Differences between happiness and joy

By Ingrid Fetell Lee

happiness-wide

A friend sent me this fascinating article from June’s Atlantic on the Grant Study, a 60+ year exploration into what makes people live happy and fulfilled lives. In some ways, this long-term macro focus is the opposite of my work, which looks at the micro, the momentary flashes of delight in our lives. But there’s a common goal, to understand the underpinnings of positive emotion, and to understand how to create more of it.

The most interesting aspect of the article to me is how the writer and the scientist grapple with the inconsistencies in the data, the people who had every reason to be happy but turned miserable, or the people who led underwhelming lives but looked back on them with beatific satisfaction. These paradoxes recall others in the study of happiness, namely this oft-cited one also mentioned in the article: “How is it that children are often found to be a source of “negative affect” (sadness, anger)—yet people identify children as their greatest source of pleasure?”

I wonder if the answer lies in the moment to moment nature of life, and of joy.
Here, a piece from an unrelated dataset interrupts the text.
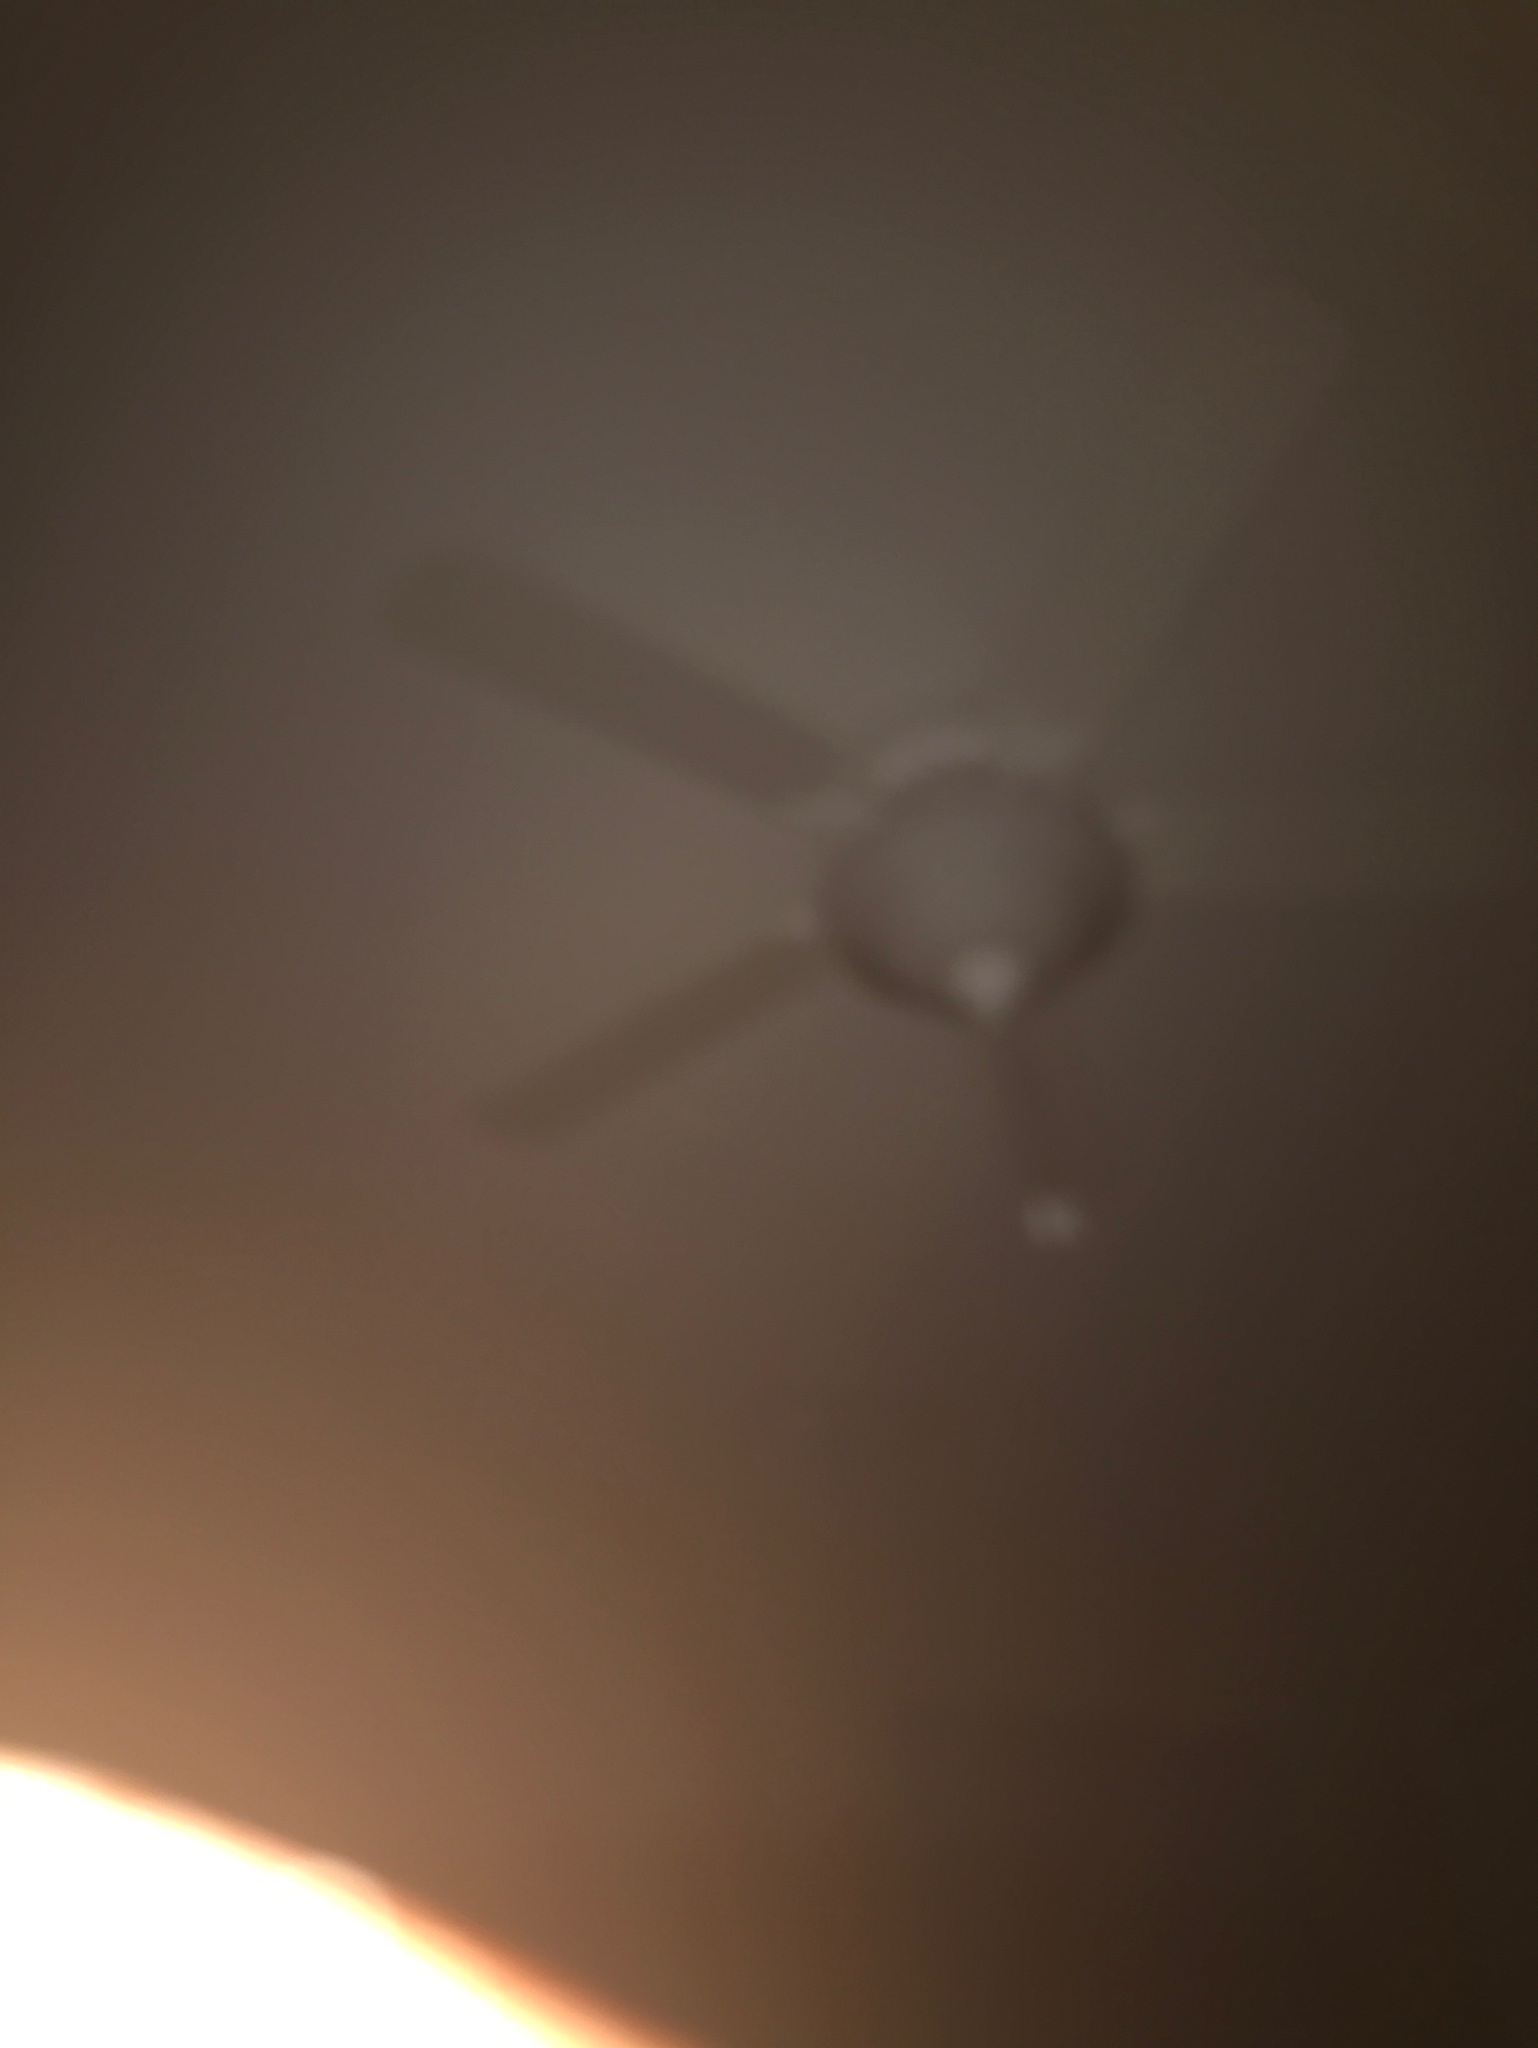 my fan at night - meme

Children bring moments of joy, even if they also bring other effects (like less time for other passions, tiredness from keeping up with them, and certain relationship stresses and conflicts) and the intensity of those moments outweighs longer periods of feeling other emotions. Certain experiences occupy disproportionate amounts of space in our memories, such that 2 weeks of vacation a year holds more emotional memory value than 50 weeks of work.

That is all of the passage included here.